New Insights into Protein Kinase B/Akt Signaling: Role of Localized Akt Activation and Compartment-Specific Target Proteins for the Cellular Radiation Response
Institute of Cell Biology (Cancer Research), University of Duisburg-Essen Medical School, 45122 Essen, Germany
Department of Therapeutic Radiology, Yale University School of Medicine, New Haven, CT 06520, USA
Department of Anesthesiology, Yale University School of Medicine, New Haven, CT 06520, USA
Author to whom correspondence should be addressed.
These authors contributed equal to this work.
Cancers 2018, 10(3), 78; https://doi.org/10.3390/cancers10030078
Received: 24 February 2018 / Revised: 15 March 2018 / Accepted: 16 March 2018 / Published: 18 March 2018
(This article belongs to the Special Issue Advances in the biological responses to radiation-induced DNA damage: A selection of papers from the Joint 43rd European Radiation Research Society (ERRS) and 20th German Society for Biological Radiation Research (GBS) Annual Meetings)

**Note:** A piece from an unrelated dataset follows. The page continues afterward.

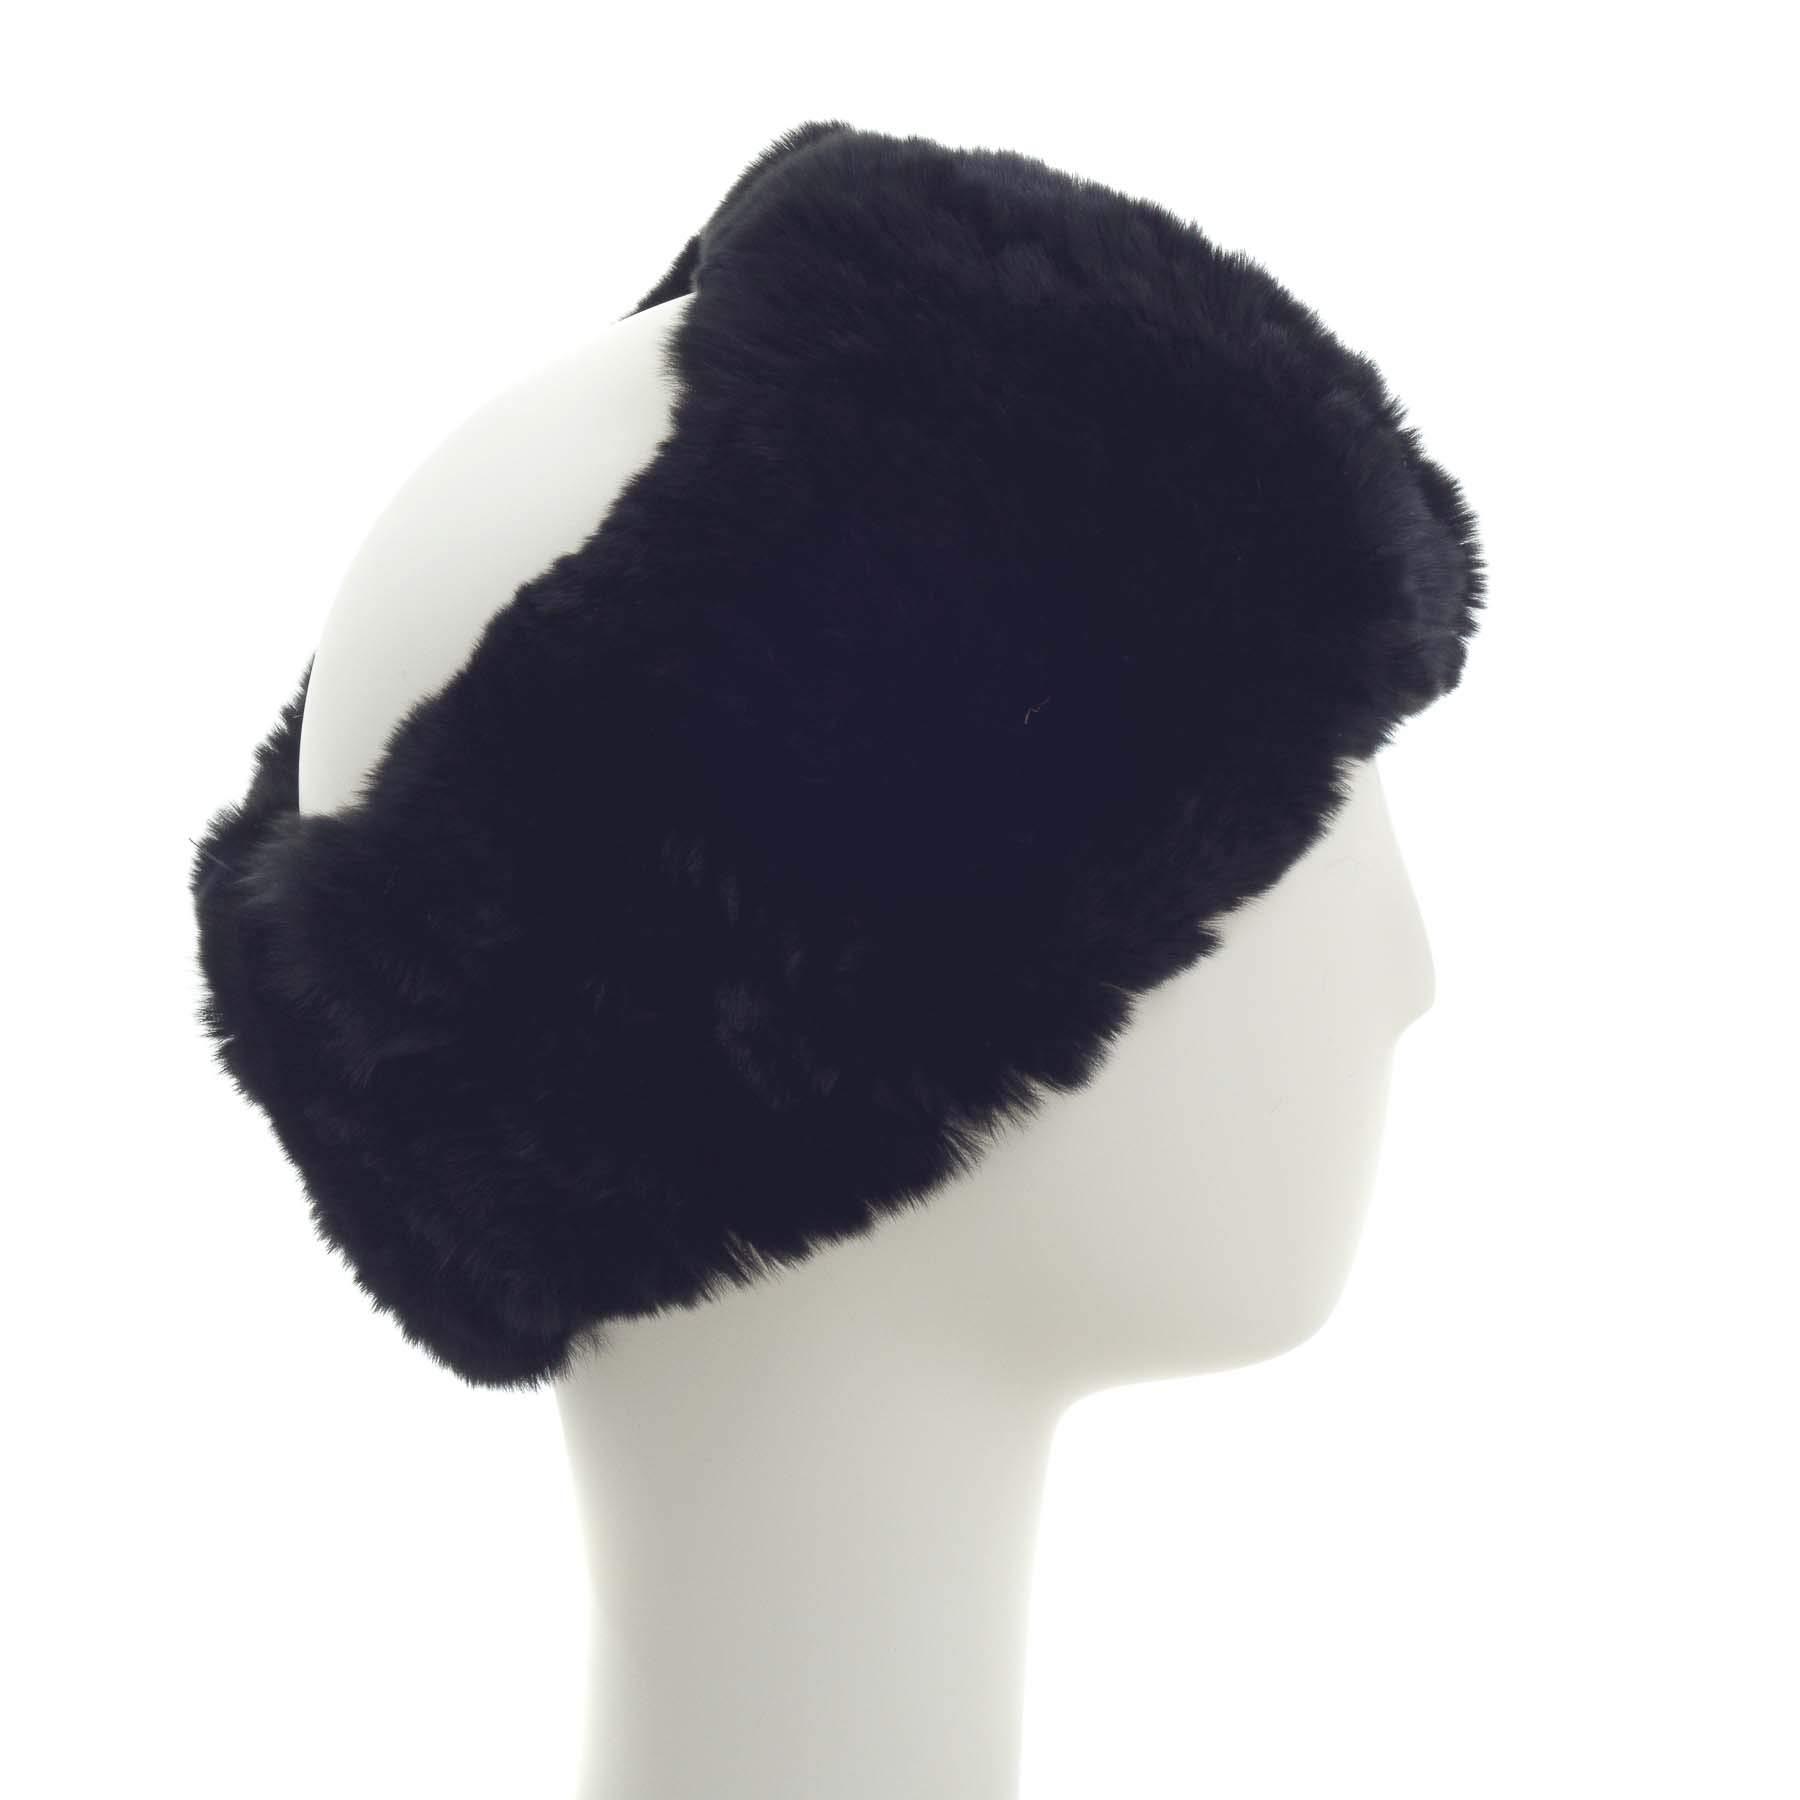 Surell Rex Rabbit Textile Knit Headband - Winter Scarf Ear Warmers - Luxury Gift (Black)

Genetic alterations driving aberrant activation of the survival kinase Protein Kinase B (Akt) are observed with high frequency during malignant transformation and cancer progression. Oncogenic gene mutations coding for the upstream regulators or Akt, e.g., growth factor receptors, RAS and phosphatidylinositol-3-kinase (PI3K), or for one of the three Akt isoforms as well as loss of the tumor suppressor Phosphatase and Tensin Homolog on Chromosome Ten (PTEN) lead to constitutive activation of Akt. By activating Akt, these genetic alterations not only promote growth, proliferation and malignant behavior of cancer cells by phosphorylation of various downstream signaling molecules and signaling nodes but can also contribute to chemo- and radioresistance in many types of tumors. Here we review current knowledge on the mechanisms dictating Akt’s activation and target selection including the involvement of miRNAs and with focus on compartmentalization of the signaling network. Moreover, we discuss recent advances in the cross-talk with DNA damage response highlighting nuclear Akt target proteins with potential involvement in the regulation of DNA double strand break repair.